Labeling guidelines - ABBYY Documentation

To label a document, mark the regions that contain field values and tell the skill what data type each field holds. Before you start, pick the right selection method for the field shape, then follow the per-type guidelines for structured, semi-structured, or unstructured documents.

Selection methods

Method	Best for
Hover and click a word	Single-word fields
Drag a rectangle around words	Semi-structured documents
Click the first word, then drag (left mouse button held) to the last word	Unstructured documents

Structured documents

Structured documents (such as pre-formatted forms) always contain the same information in the same locations. You only need to label a few sample documents because there’s no layout variation.

Specify each field’s region accurately — field values alone aren’t enough for training.
Mark the entire placeholder, not the value inside it.
If a field contains no value, mark the empty placeholder anyway.
For multi-part fields, hold Shift to add additional parts. All parts must be on the same page.
For tables on a fixed form, label every row, including empty rows.
If you add a new field after labeling, go back and label that field on every document in the training set.

Semi-structured documents

Semi-structured documents — bills, payment orders, invoices — contain similar fields, but field locations, sizes, and counts vary across documents.

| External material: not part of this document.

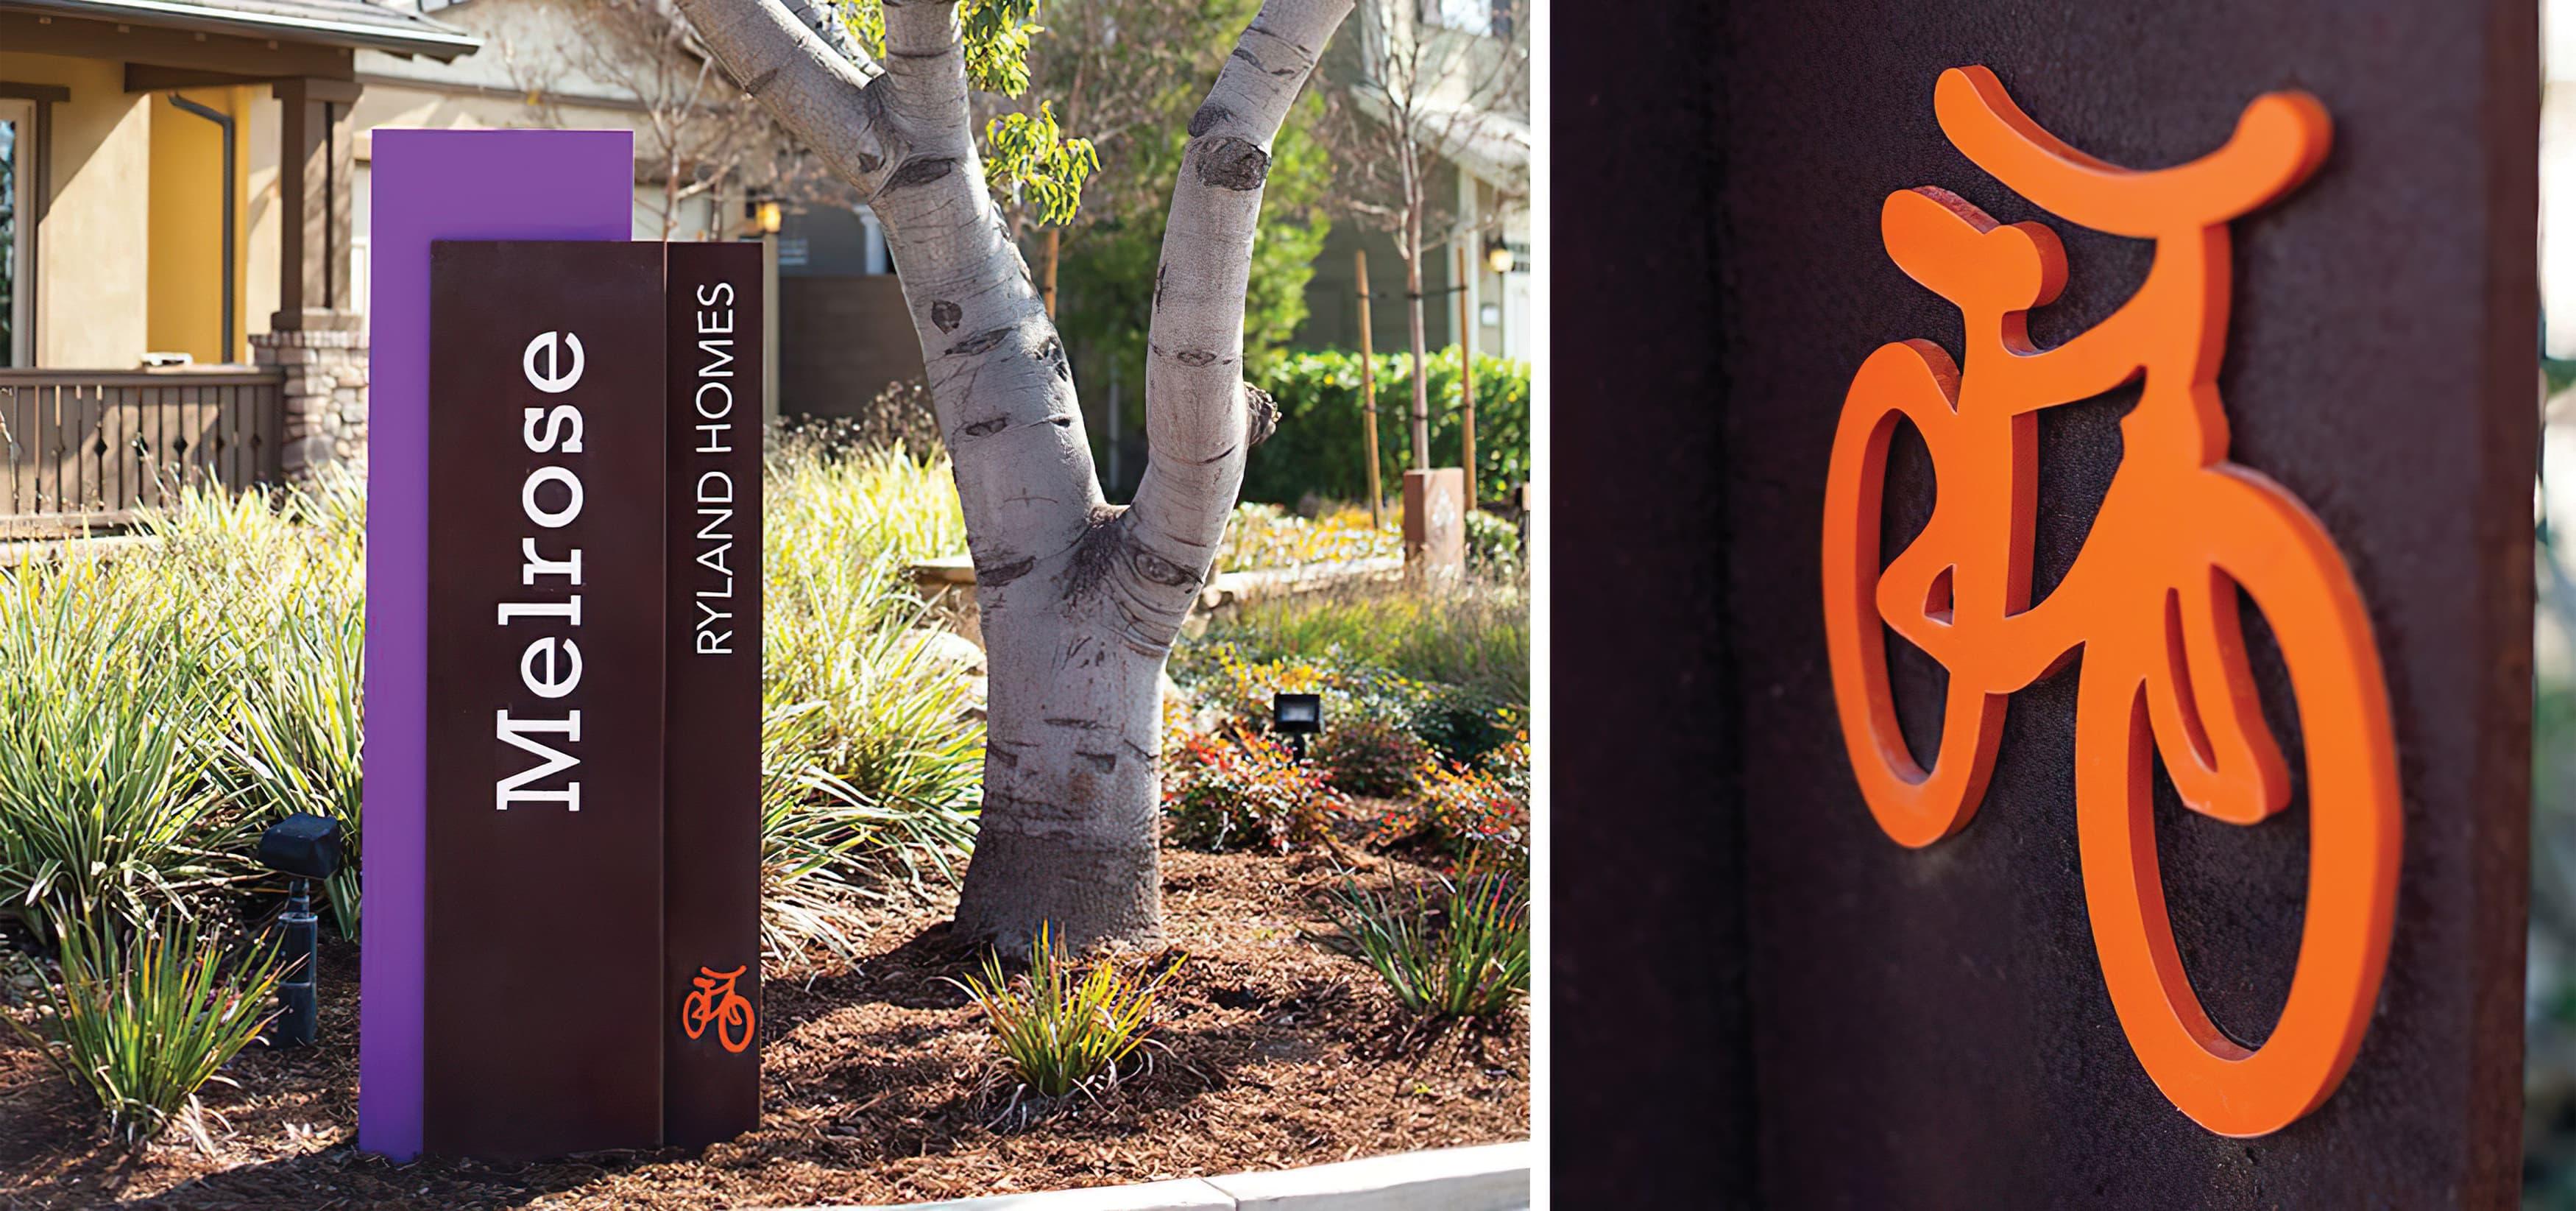 Pavilion Park. Irvine Great Park. Residential Community Park Design. Park Identity Signage Detail.

Specify each field’s region accurately — field values alone aren’t enough for training.
Click the field’s value (the word or words it contains); the region is created automatically.
If a field contains no value, don’t create a region for it.
Don’t mark partial words — the trainer learns on whole words only.
For multi-part fields, hold Shift to add additional parts. All parts must be on the same page.
Do not instruct the program to find fields inside another field’s region (whether an individual field like an address or a table cell like Description). To extract from a large region, chain activities: a semi-structured extraction activity to find the region, then an NLP Extraction Rules activity or a script rule to pull specific fields from it.
If you add a new field after labeling, go back and label that field on every document in the training set.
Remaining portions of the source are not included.